Instructions to follow
The required answer is an exact copy of the lines from the one containing "Cucina moderna /" to the end of the listing, both included, without any pictures.

Data extract
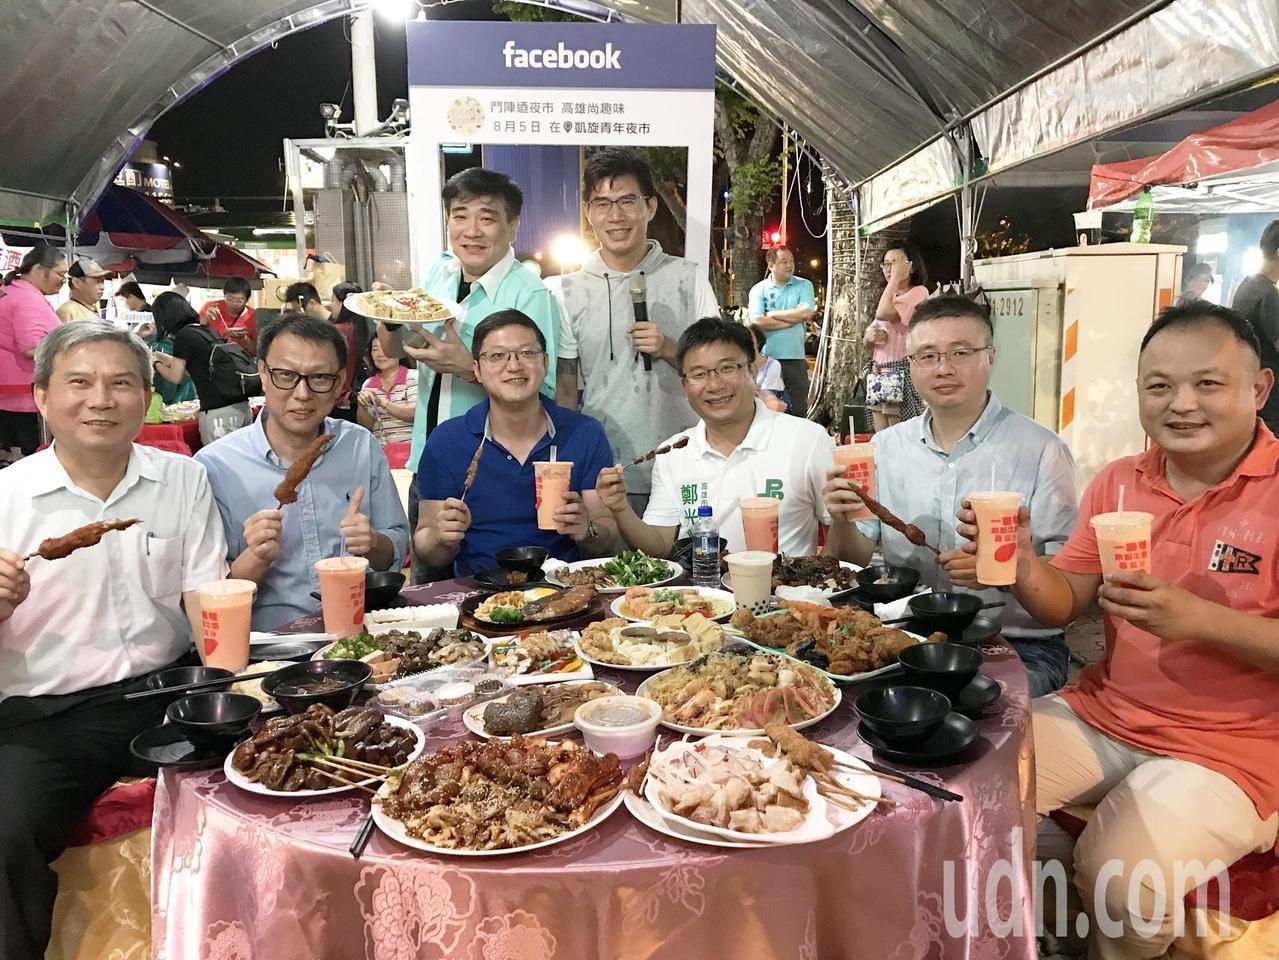 為了推展夜市觀光,高雄市經發局今天特別在凱旋青年夜市舉辦「人氣美食餐桌宴」活動,...
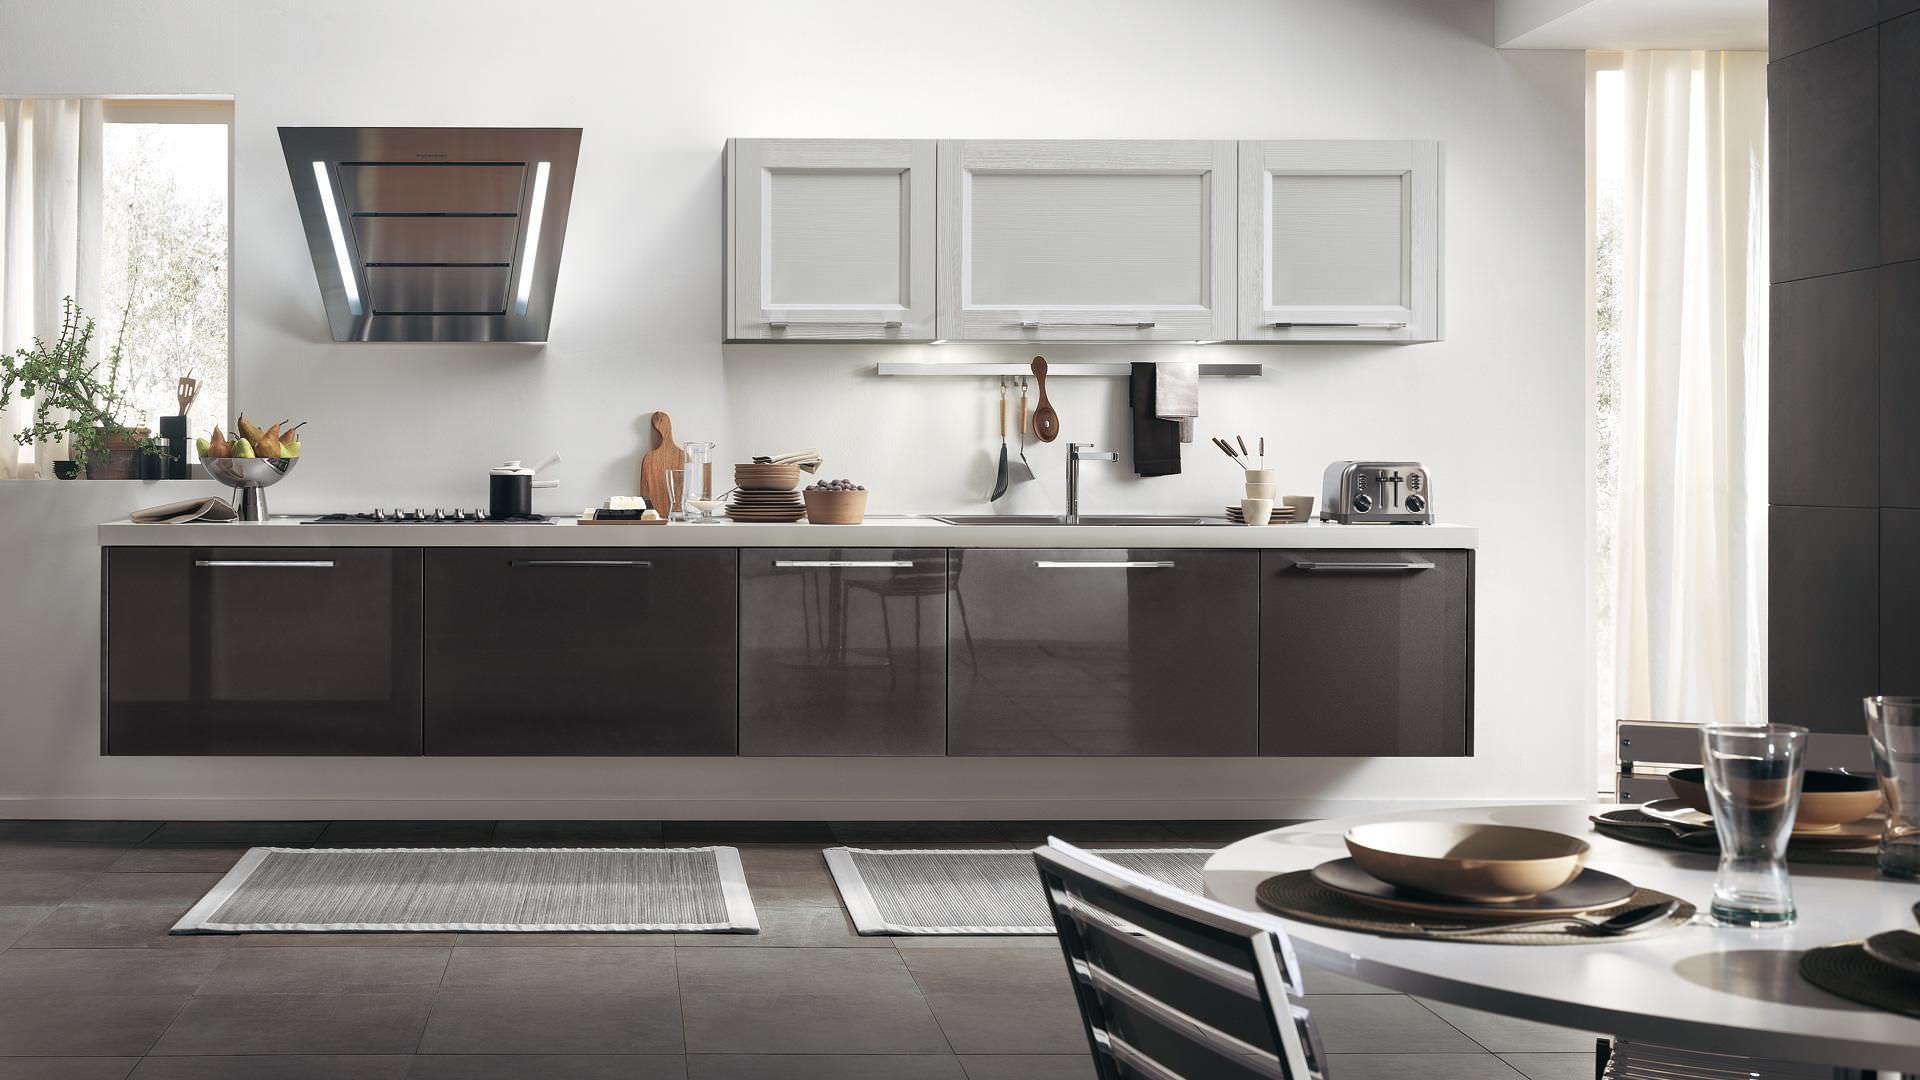 Cucina moderna / in legno / laccata / con impugnature - GEORGIA ...
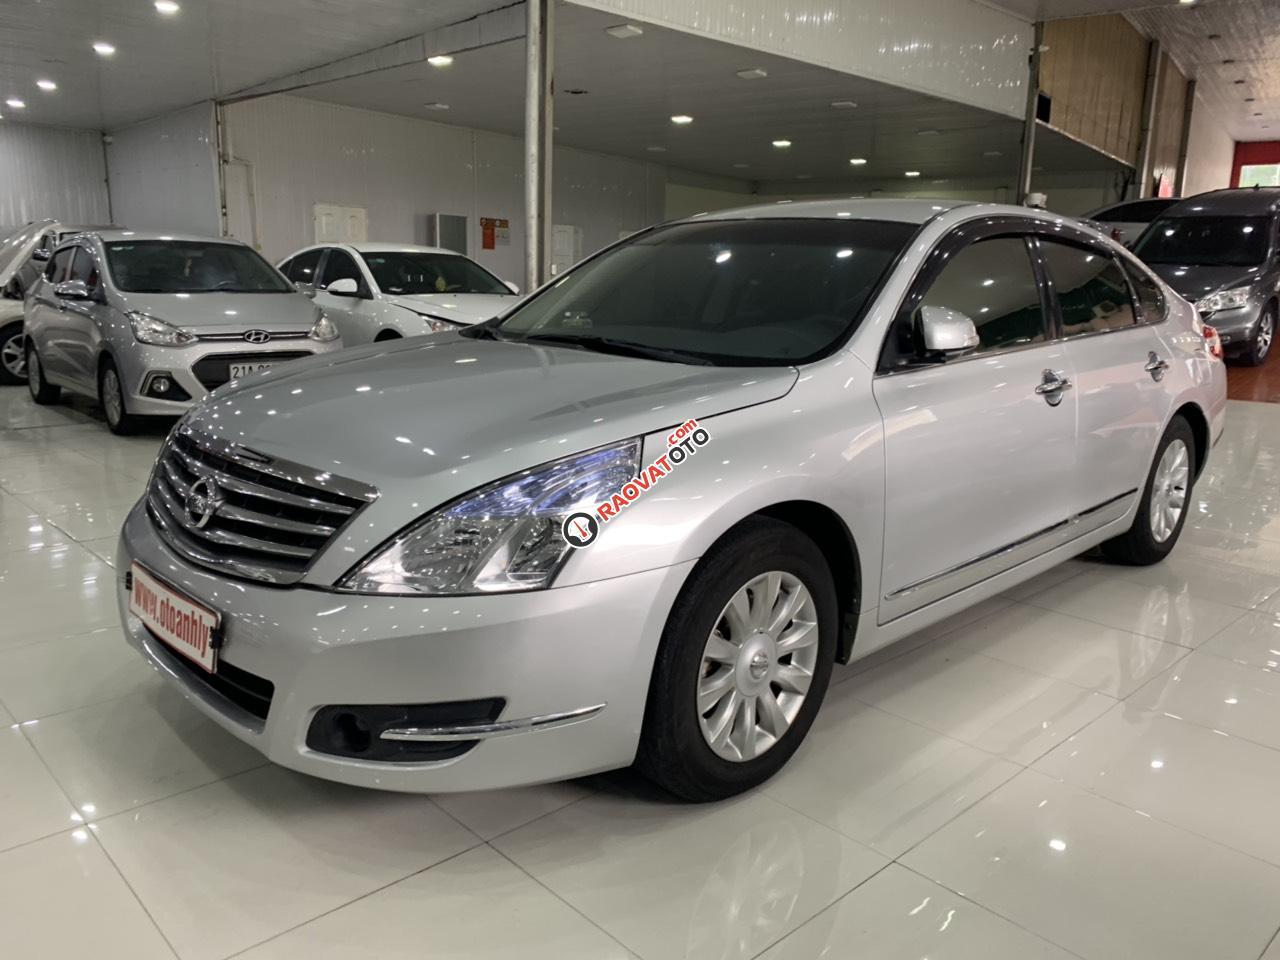 Cần bán xe Nissan Teana sản xuất 2010, màu bạc, nhập khẩu-0
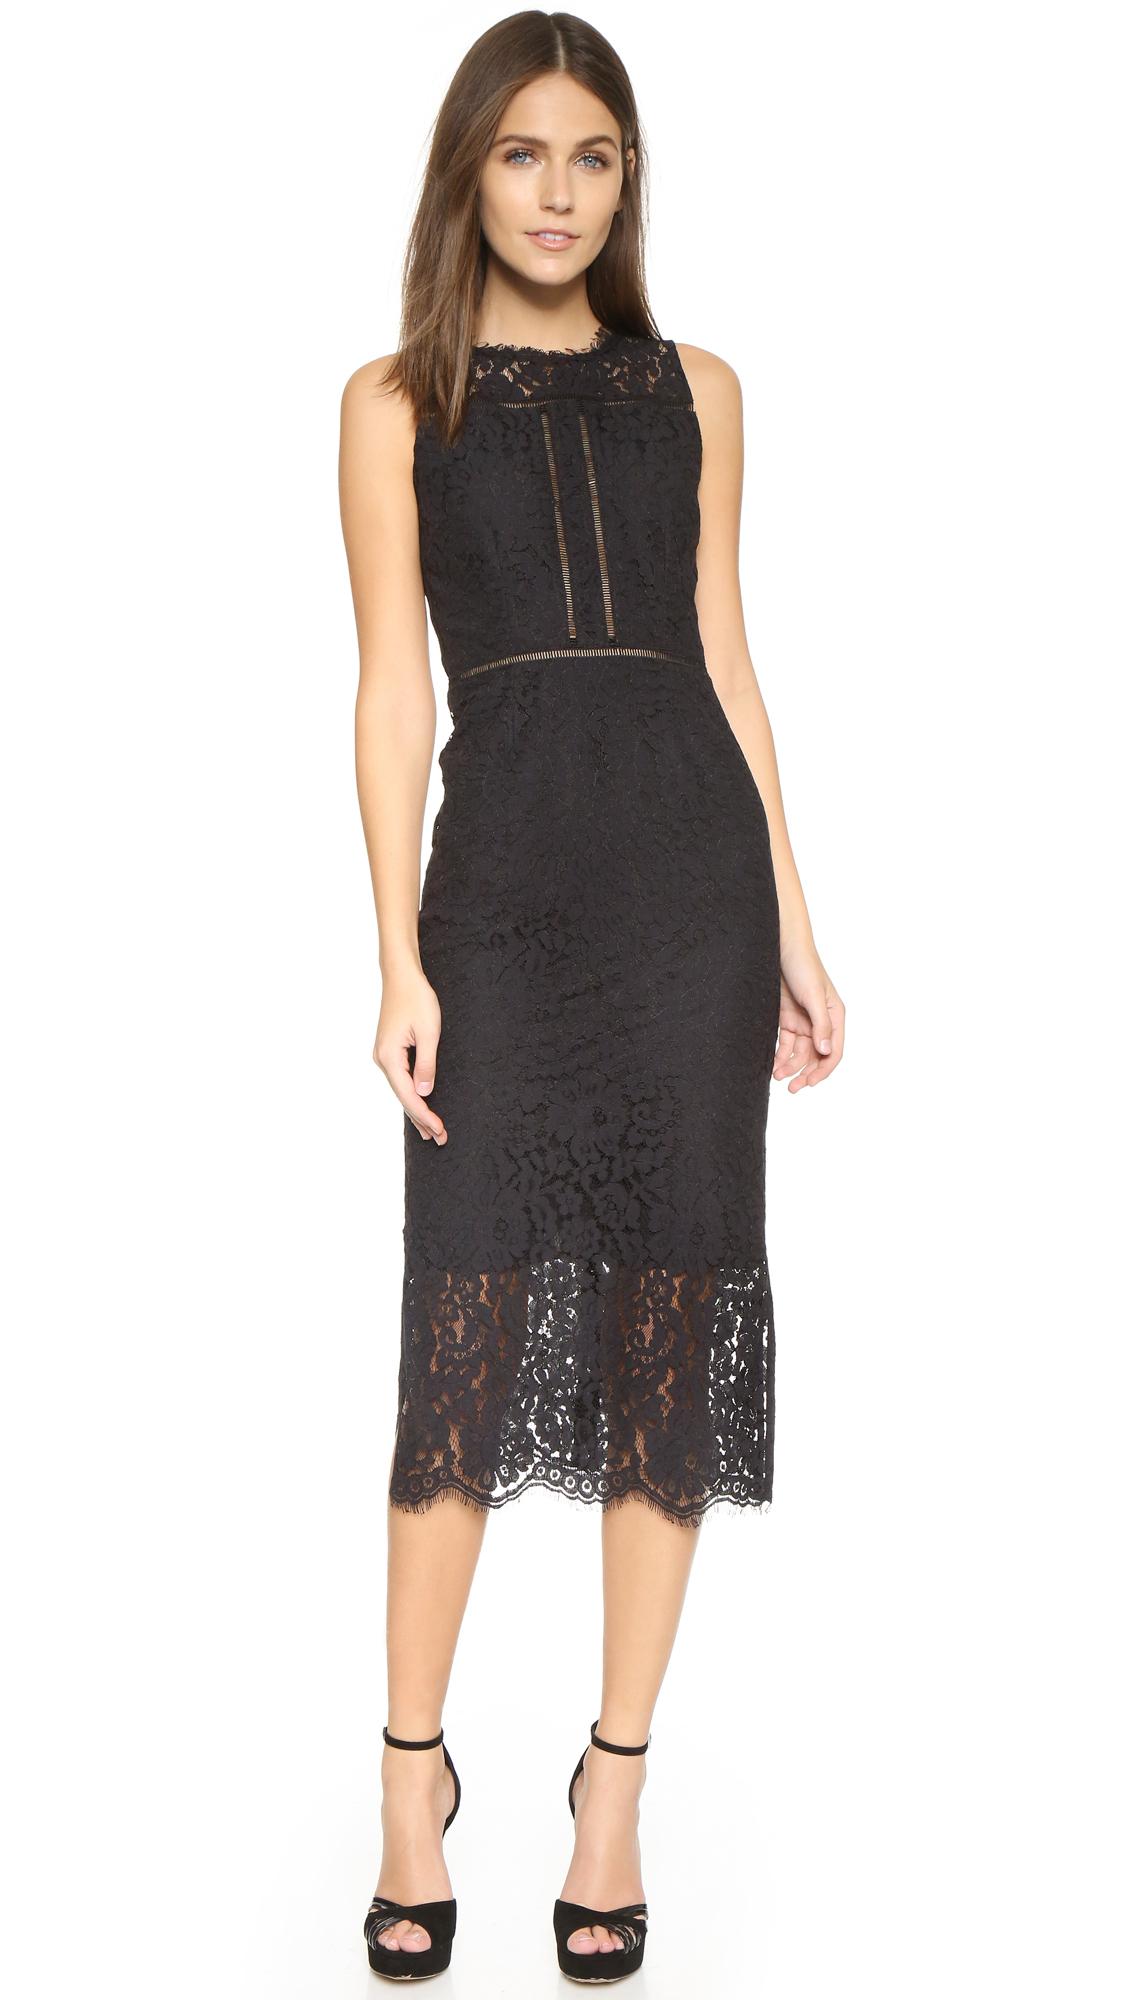 lace midi dress - photo #28

Reply to the task
 Cucina moderna / in legno / laccata / con impugnature - GEORGIA ...
 Cần bán xe Nissan Teana sản xuất 2010, màu bạc, nhập khẩu-0
 lace midi dress - photo #28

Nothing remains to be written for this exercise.